Yerli ve yabancı başka pek çok sözlük ve ansiklopedinin de benzer tanımı yaptıklarını görüyoruz. Ancak, konu matematik öğretiminin niteliğini saptamaya gelince, bu tanımların yetmediğini görüyoruz. Matematiğin, bireyi ve toplumu hangi işlevleriyle nasıl etkilediğini bilmek gereğini duyuyoruz.
Matematik dil, ırk, din ve ülke tanımadan uygarlıklardan uygarlıklara zenginleşerek geçen sağlam, kullanışlı ve evrensel bir dil, bir ekindir. Birey için, toplum için, bilim için, teknoloji için vazgeçilmez değerdedir. Yayılma alanına ve derinliğine sınır konamayan bir bilimdir, bir sanattır.

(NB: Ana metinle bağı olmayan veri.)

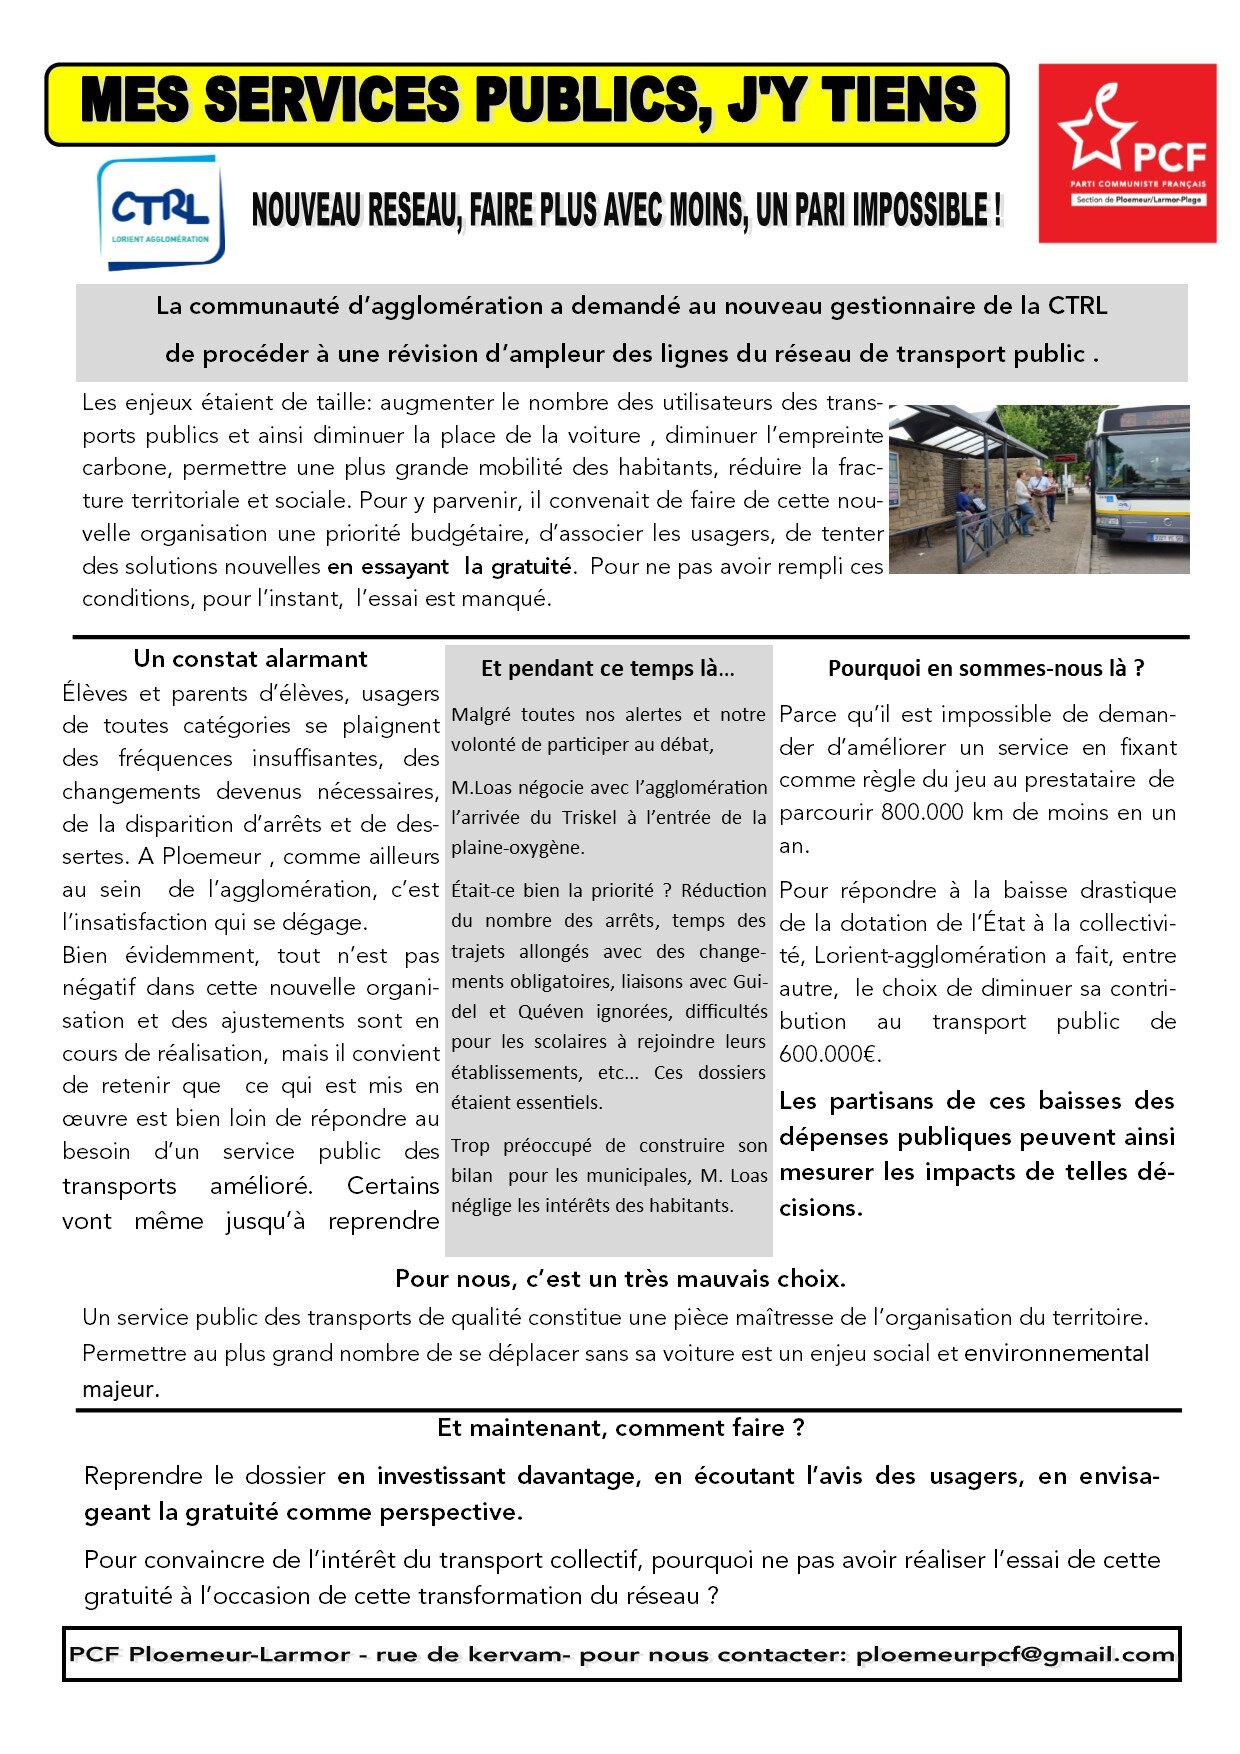 agglo de Lorient, Le transport public, en faire une priorité
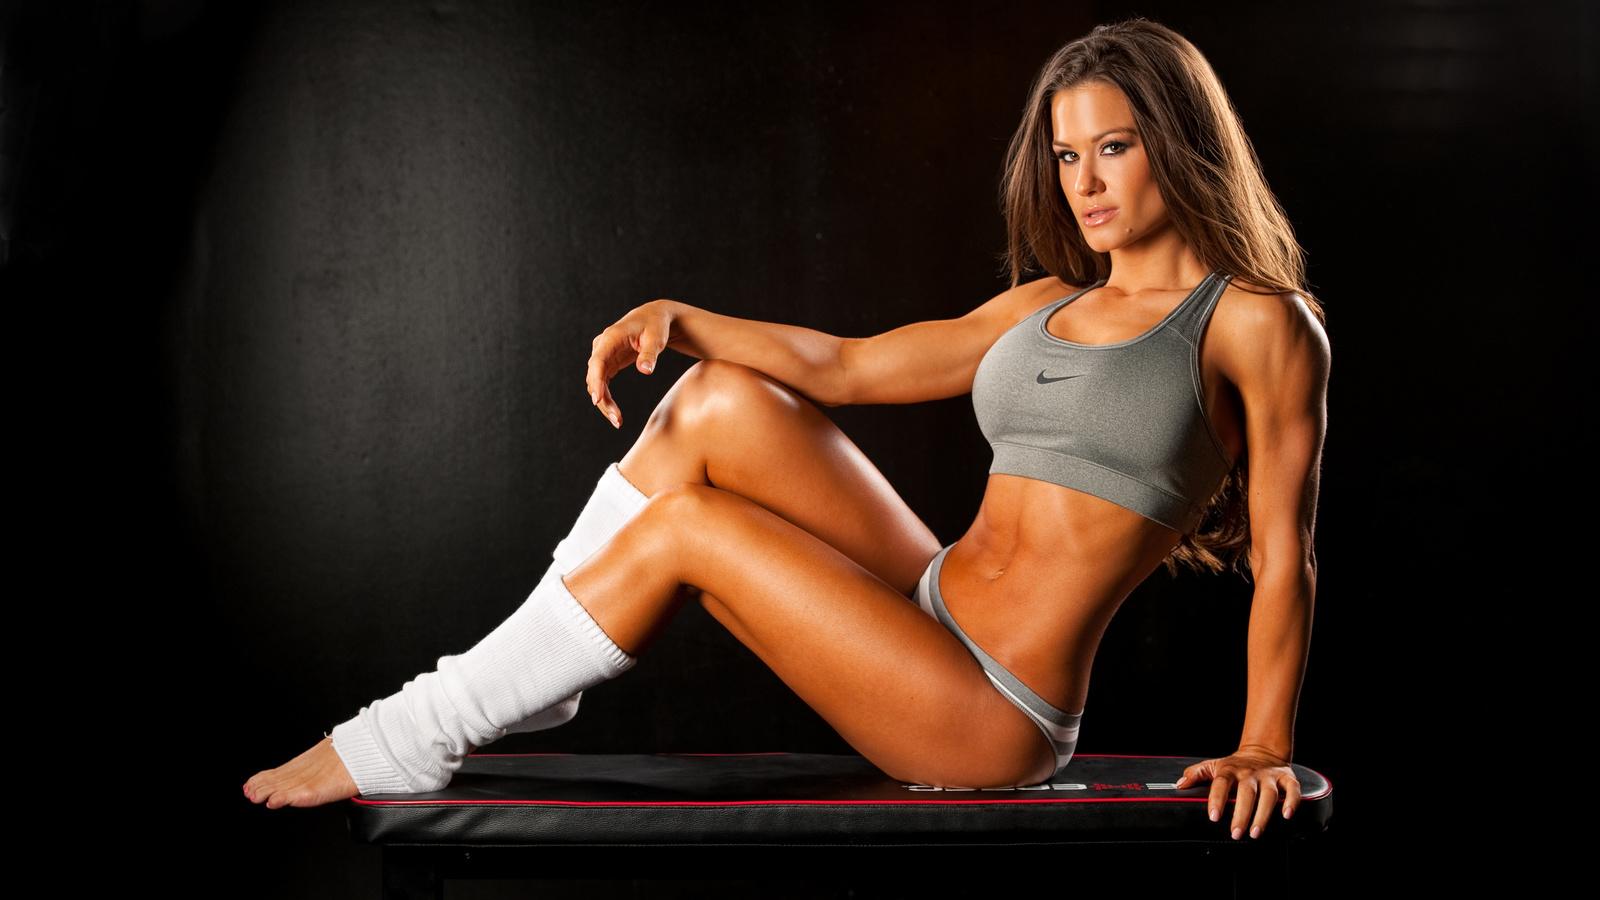 девушка, brooke adams, тело, грудь, ножки, спорт

Hiçbir din, hiçbir dil, böylesine kalıcı ve etkin olamamıştır.
Matematiğin somut varlıklarından ve fiziksel olaylardan arınıp soyutlanabilmesi özelliği, aynı zamanda, onun, insanların ortak düşünme aracı olmasını; yani evrensel bir olmasını ve durmaksızın gelişmesini sağlamıştır.
Matematiğin ilgi alanı sınırlanamaz. Kişiyi günlük yaşamında etkileyen basit olgulardan başlayıp, evrenin yapısına kadar giden düşüncelerin hepsinde matematik vardır.
Ona verilebilecek nitelikler de pek çoktur. İnsanlığın ortak düşünme aracıdır, evrensel dildir, bilimdir, sanattır… O, insan aklının güzelliğini ve yüceliğini gösteren yetkin bir yapıttır.
MATEMATİĞİ NEDEN ÖĞRETİYORUZ?
Her ülkede, her düzeydeki okulda matematik öğretiminin gerekliliği hemen hemen tartışılmaz bir kanı olarak yerleşmiştir. Hatta denilebilir ki bir ulusun eğitim dizgesinde matematiğe ayrılan yer, o ulusun kendi dilini öğretmek için ayrılan yere eşdeğerdir. Bundan da öte, öğrencilerin matematikteki başarı düzeyinin, öteki derslerde gösterdikleri başarıdan daha belirleyici rol oynadığı kanısı, toplumun her kesiminde yaygındır. O halde, matematik öğretiminin neden gerekli olduğunun herkes tarafından iyice bilindiği varsayılabilir.
Ancak, toplumun çeşitli kesimlerinde ve hatta eğitimle ilgili kişiler arasında bu soruya yanıt aramaya kalkarsak, matematik öğretimini gerekli kılan nedenlerin, ya hiç bilinmediğini ya da ‹‹20. Yüzyılda matematik bilgisi olmadan normal bir yaşamın sürdürülemeyeceği›› gibi tartışmaya taban oluşturamayan yerleşik kanıların tekrarlandığını görürüz. Bunun yanında, özellikle, konuya eğitsel açıdan bakan bazı kişilerin, matematik öğretiminin, çocukta doğuştan gelen yeteneklerin ortaya çıkmasını ve gelişmesini sağladığını savundukları görülebilir.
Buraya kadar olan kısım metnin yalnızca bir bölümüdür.